# It's coming.....



## jlouki01 (Sep 21, 2006)

It's coming sooner than later!!!!

I found this picture today. Had to share.. It made me so excited.


----------



## snowman6 (Nov 15, 2009)

That's a beautiful site. I hope to atleast be salting in about 9 weeks. CANT WAITpayup


----------



## cet (Oct 2, 2004)

This time of year I am looking forward to winter. By early January I can't wait for it to end.


----------



## Bossman 92 (Sep 27, 2006)

Amen to that Cet! Normally I hate to see winter go, but last year we got hammered in February (a couple 150 hour weeks each) and I could not wait for it to be over.

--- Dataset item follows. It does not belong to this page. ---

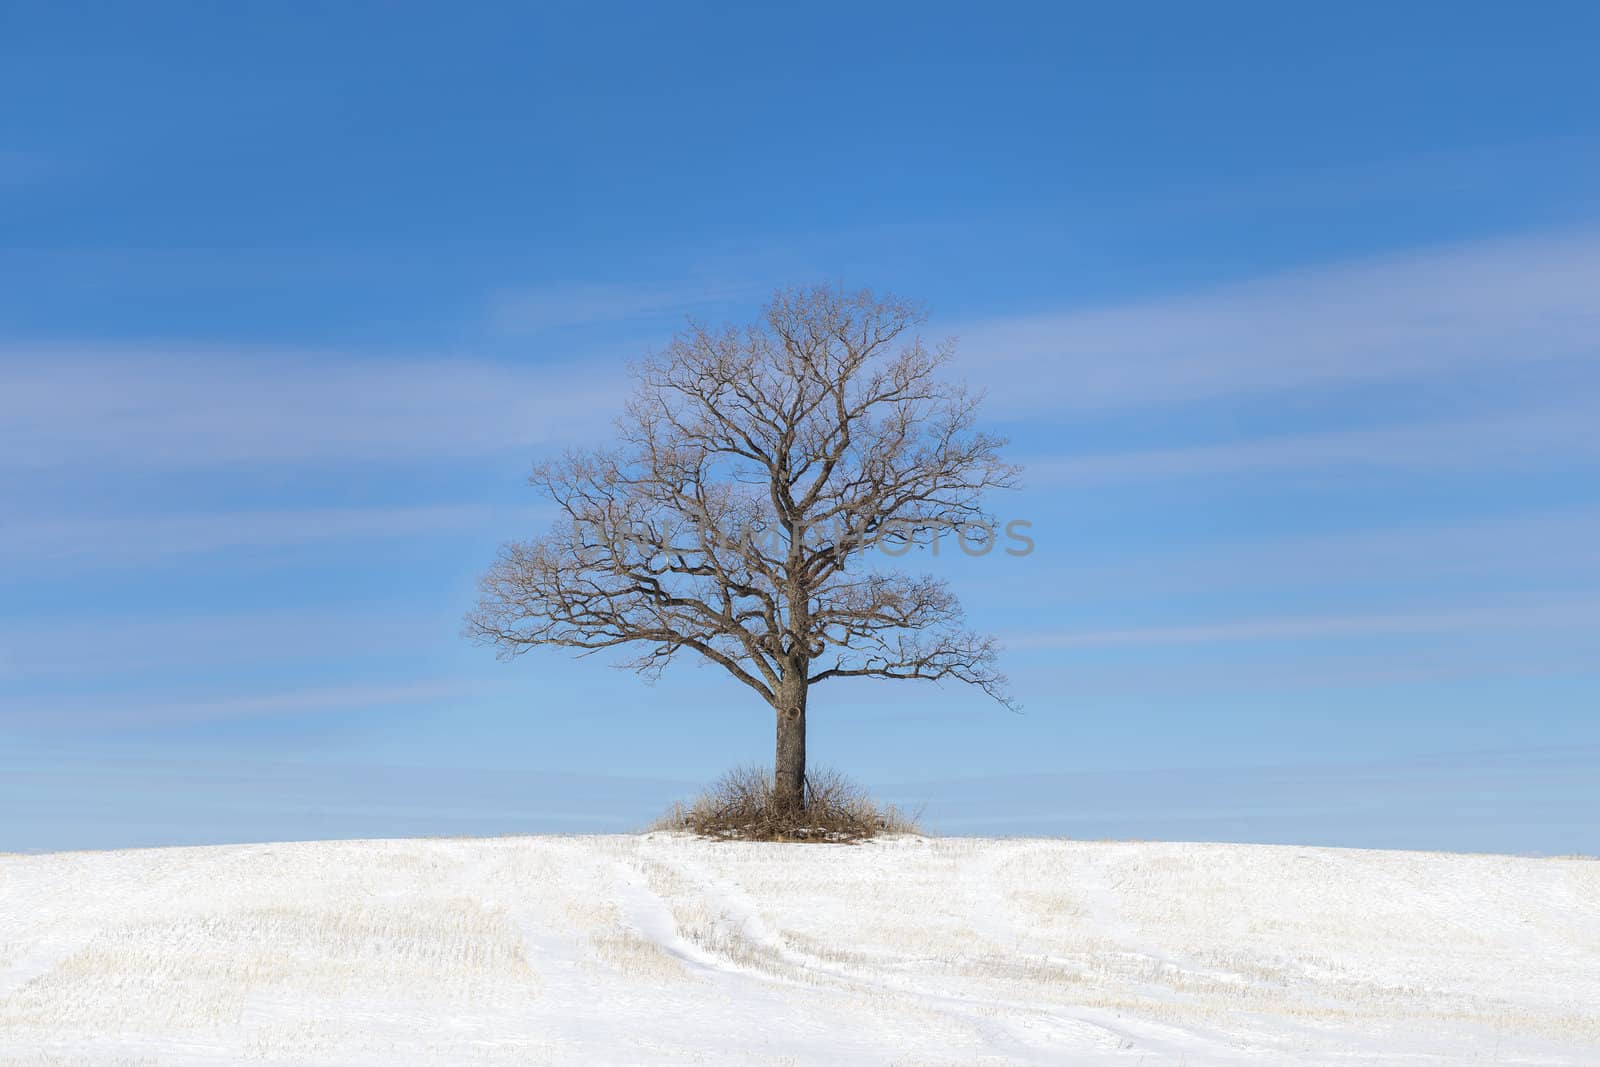 Old tree on snowy field on a blue sky bakground by A.L.
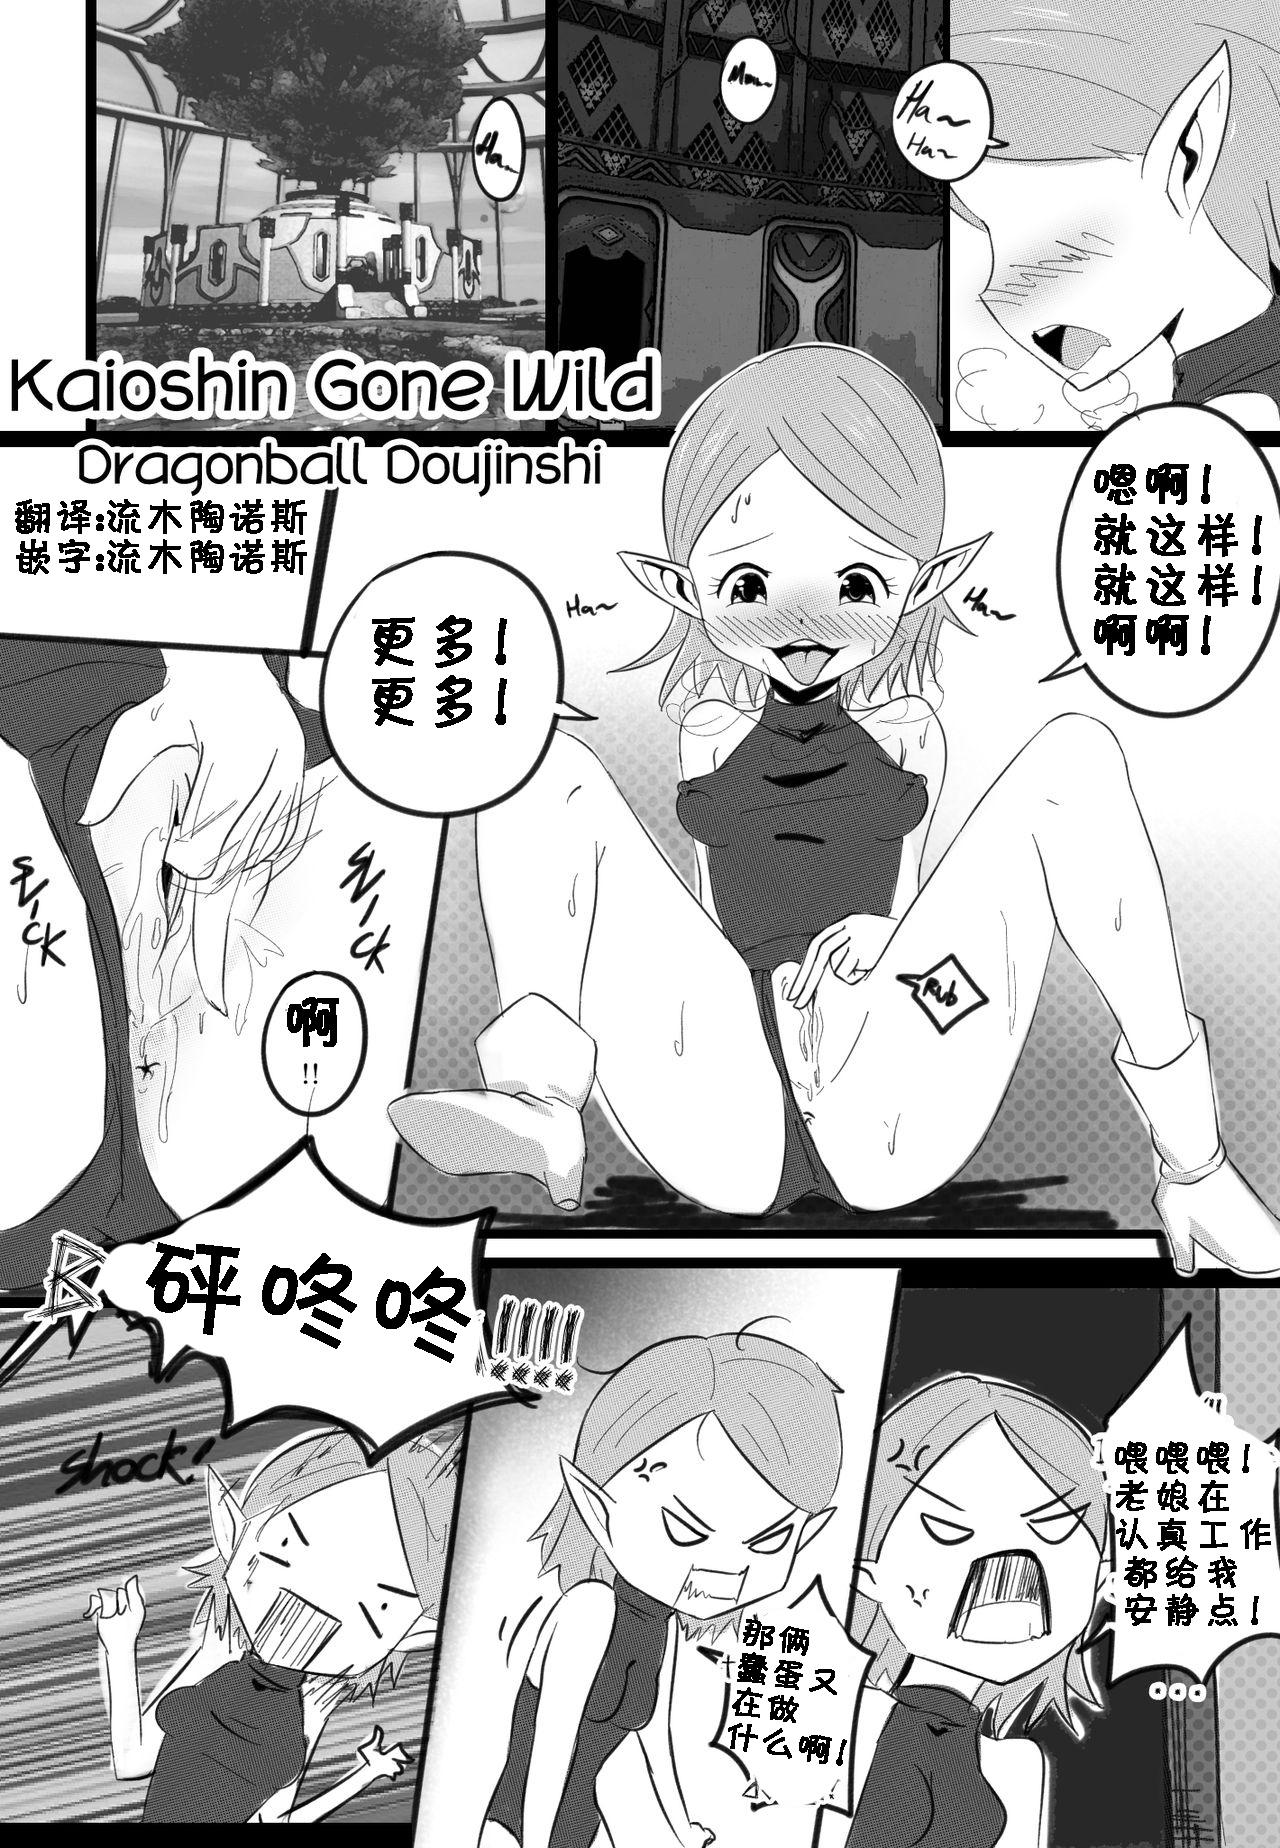 Village KAIOSHIN GONE WILD - Dragon ball z Women Sucking Dick - Page 4

Hopefully this year is better than last.

Bossman


----------



## Pushin 2 Please (Dec 15, 2009)

Upper 40's here tonight and tomorrow night! I can't wait, hope it comes sooner rather than later.payup


----------



## Brian Young (Aug 13, 2005)

I guess the weather God's are predicting a bad late November and December because our lake is still in the high 70's.....can you say "lake effect".


----------



## thesnowman269 (Nov 7, 2009)

Brian Young;1067139 said:


> I guess the weather God's are predicting a bad late November and December because our lake is still in the high 70's.....can you say "lake effect".


HELL. YES! :redbounce


----------



## ForestEdgeSnow (Aug 12, 2010)

I am more excited than I have ever been for this upcoming season.


----------



## the new boss 92 (Nov 29, 2008)

man that picture just made my day.


----------



## thesnowman269 (Nov 7, 2009)

I hope it looks like that pictures every week this winter (gotta have some sleep time in there)


----------



## fordzilla (Sep 1, 2010)

x2 with the pic making my day. the temperature around here is starting to drop to around 15 degrees some nights already! (thats 59 fahrenheit).. hopefully monday im gonna start makin up the plow brackets for the ranger,, cant wait for snow


----------



## the new boss 92 (Nov 29, 2008)

Man I can't wait I'm getting the plow out of storage at the end of the month to get ready


----------



## AEI (Nov 1, 2009)

Oh yea!!! Cant wait!!


----------



## thesnowman269 (Nov 7, 2009)

I think monday Im gonna finish mounting the plow to my truck


----------



## CaptainSmokey (Nov 19, 2009)

nice pic makes me happy to rember what snow looks like been one hell of a hot spring and summer!


----------



## wdcs1 (Nov 12, 2009)

*32 over night*

Should be down to 32 tonight. Ready for snow. Not really but let it snow any way!!


----------



## bryanR (Oct 19, 2009)

just bought my first plow so im stoked for this winter. love that picture...its my new background on my computer


----------



## fordzilla (Sep 1, 2010)

wdcs1;1067862 said:


> Should be down to 32 tonight. Ready for snow. Not really but let it snow any way!!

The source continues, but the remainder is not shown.